Accessibility is everyone’s responsibility
With a 2025 deadline looming, Accessibility has snuck in and has suddenly become a sexy subject.
Accessibility is more than just the current buzzword—it is vital. The European Accessibility Act becomes law in June 2025, making waves for SEOs, developers, and designers around the world. After years of advocates promoting accessibility best practices, this law finally makes businesses care.
The key thing to know is that if your business provides services or goods to anyone in the EU, you must be compliant. So, like a massive call to arms, the global community is finally starting to pay attention to web accessibility.
While the European Accessibility Act (EAA) applies to all digital products, including ATMs, online banking, and apps, we’ll focus on the web.
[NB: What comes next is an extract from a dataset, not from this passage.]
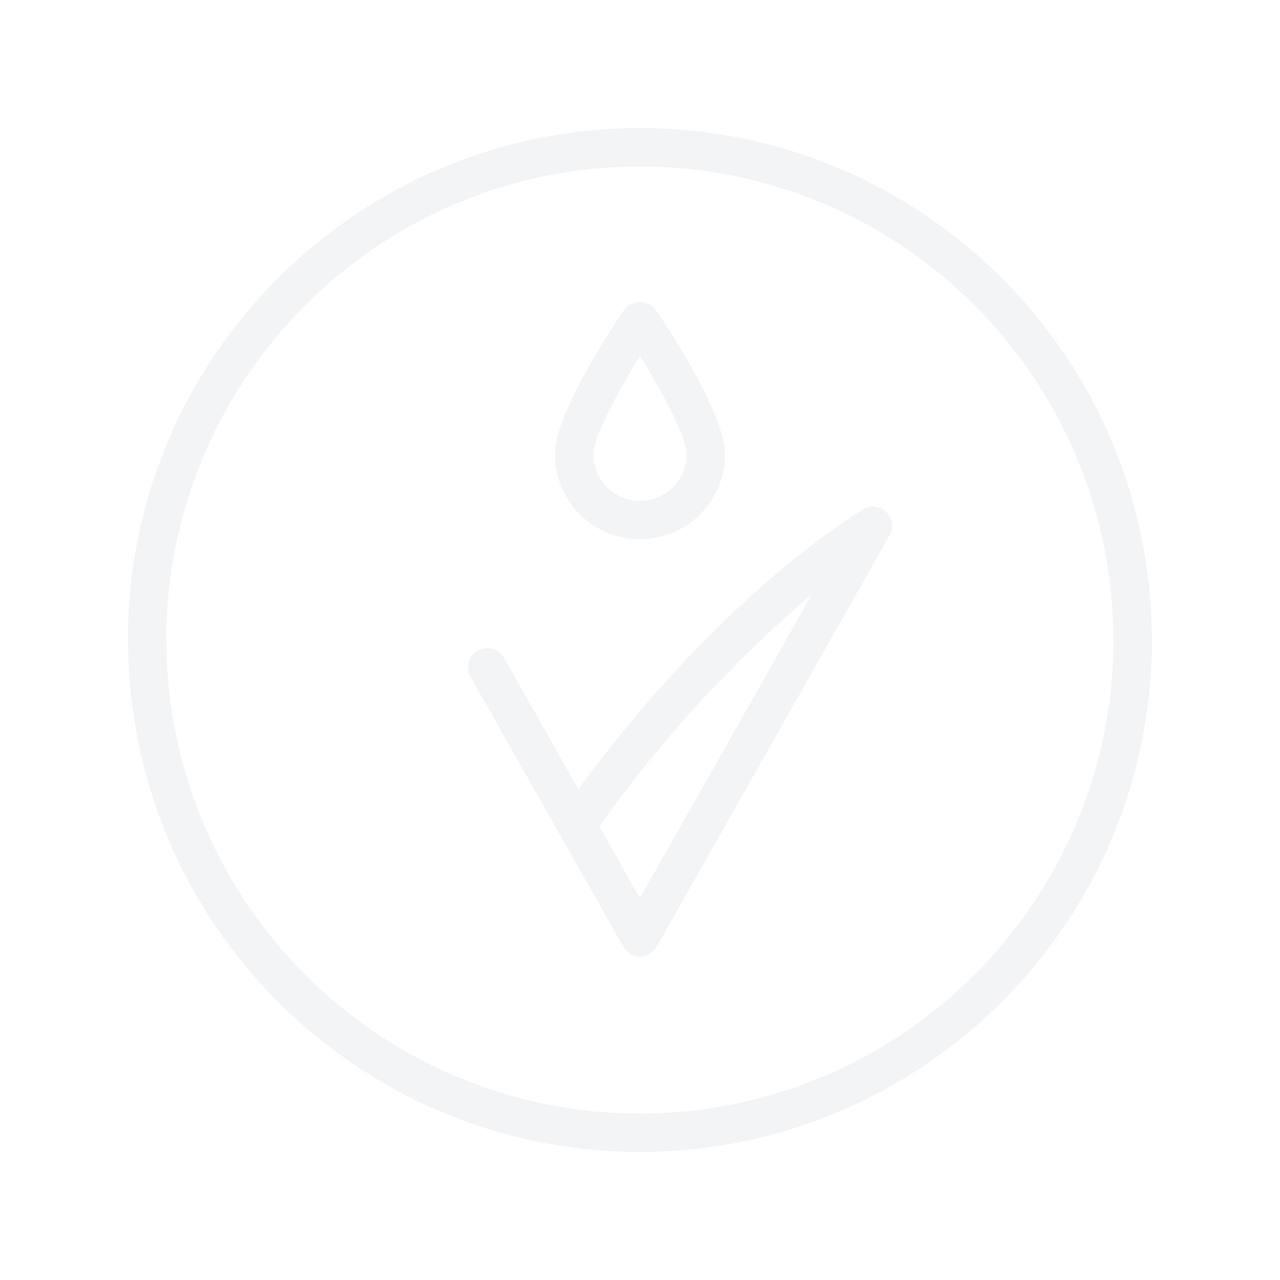 MEXX Whenever Wherever For Her Eau De Toilette

The EAA requires you to be WCAG 2.1 AA compliant, which is the Web Content Accessibility Guidelines. The guidelines have multiple levels and varying success criteria that are used to determine how accessible a website is.
So, how does accessibility help me with SEO?
Accessibility isn’t just essential for complying with the EAA—it can massively help with organic rankings. Many of the best practices in accessibility directly correlate with SEO activities so that we can see improvements in our conversion rates and branding, and it gives us a competitive advantage
Unfortunately accessibility has historically being a hard sell - lots of business have been uninterested for making changes to a site just because it’s the right thing to do. So we have to make a business case for it.
For the US statistics indicate that having an accessible site could improve a businesses online revenue by up to 18.9%. Unfortunately these figures are different for every country and change annually - so it’s important to regularly update your case for accessibility.
We can’t necessarily check if a user is accessing our site is using an accessibility aide - this isn’t information that is tracked in analytics. But we can make lots of assumption based on data.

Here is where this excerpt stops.